Where's the spray tool? How come I don't have a spray tool? Are you using 14? Anyways, if I had a spray tool I guess I could covert them to objects so they are individual objects, then select them all and corel will tell you how many objects you selected at the bottom below the slider 

Found it!! hehe, artistic media


----------



## chard (Oct 14, 2008)

thanks id try that..im using x4..


----------



## chard (Oct 14, 2008)

oh it really works..just found out my stencil uses 700+ stones..haha thanks again for the help..


----------



## LetItShine (Sep 9, 2009)

Okay, using Corel 11, can I convert to objects as you did in 14? And if not, where can I convert to objects in 14? Good with Corel 11, 14 and I are still argueing some.
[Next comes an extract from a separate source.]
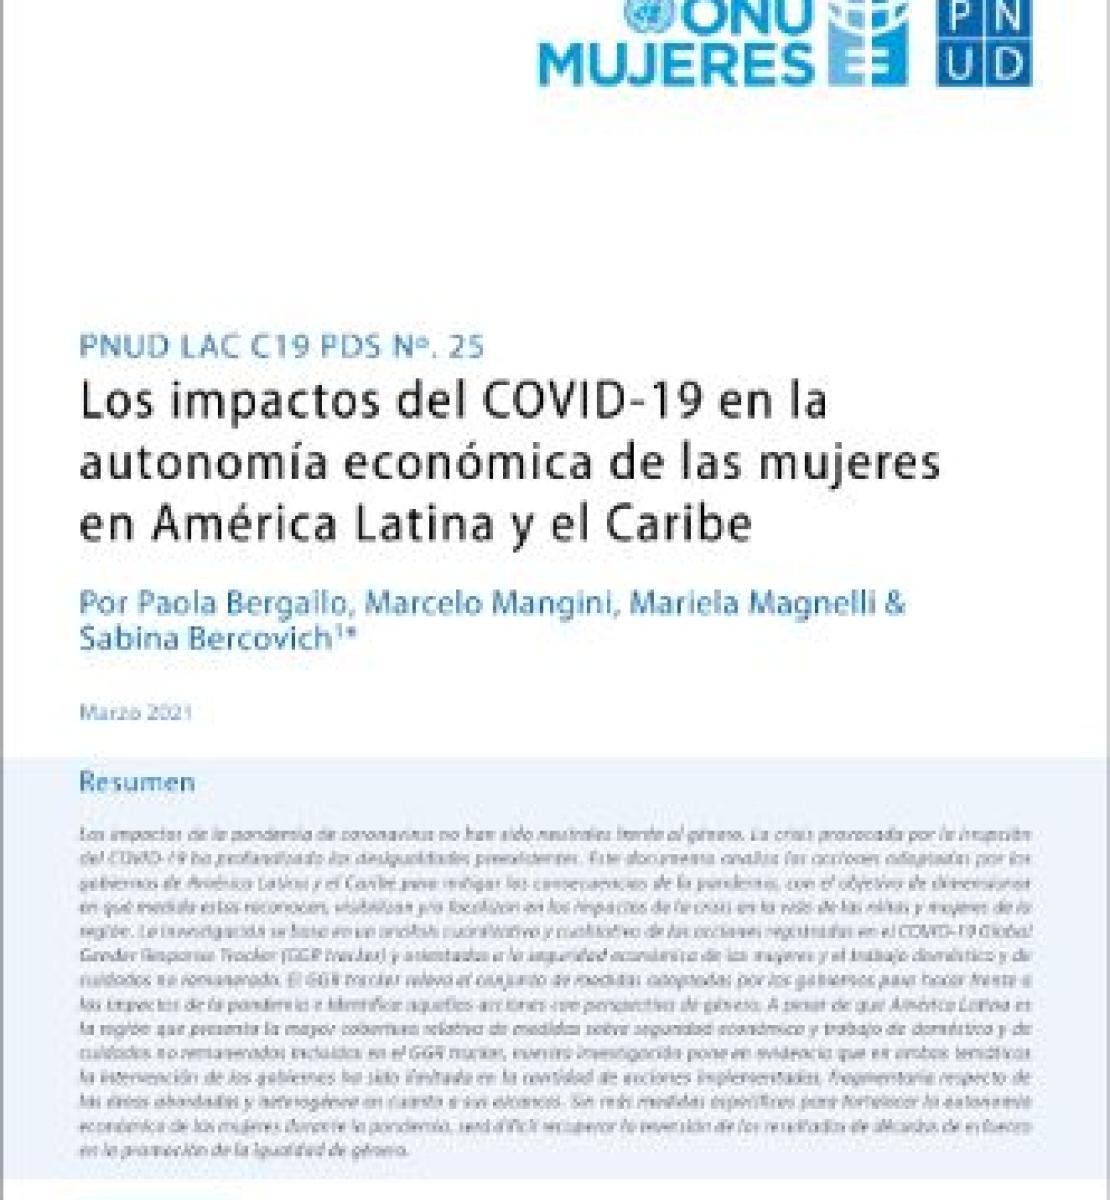 Primera página, que hace las veces de portada, de la investigación sobre los impactos del COVID-19 en la autonomía económica de las mujeres en América Latina y el Caribe.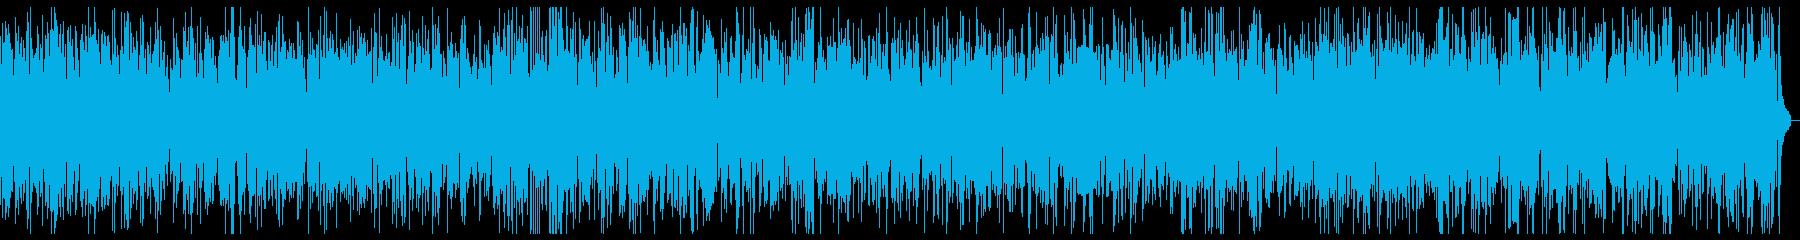 かっこいいクール ジャズピアノ長時間の再生済みの波形

Help would be greatly appreciated.
Thanks


----------



## bircanboss (Nov 25, 2009)

In Corel 14 select the object you want to covert and then go to Arrange/Covert to curves (Arrange is at the top where File, Edit, View, Layout is) Don't even remember what Corel 11 looked like  but I'm sure it's around there somewhere.


----------



## Lnfortun (Feb 18, 2006)

You can count the objects in the path using spray tool by clicking a dot in the path. Click arrange then break artistic media group apart. Open the object manager in the docker window and you will see the number of of dots in the grouped object. No need to convert to objects.


----------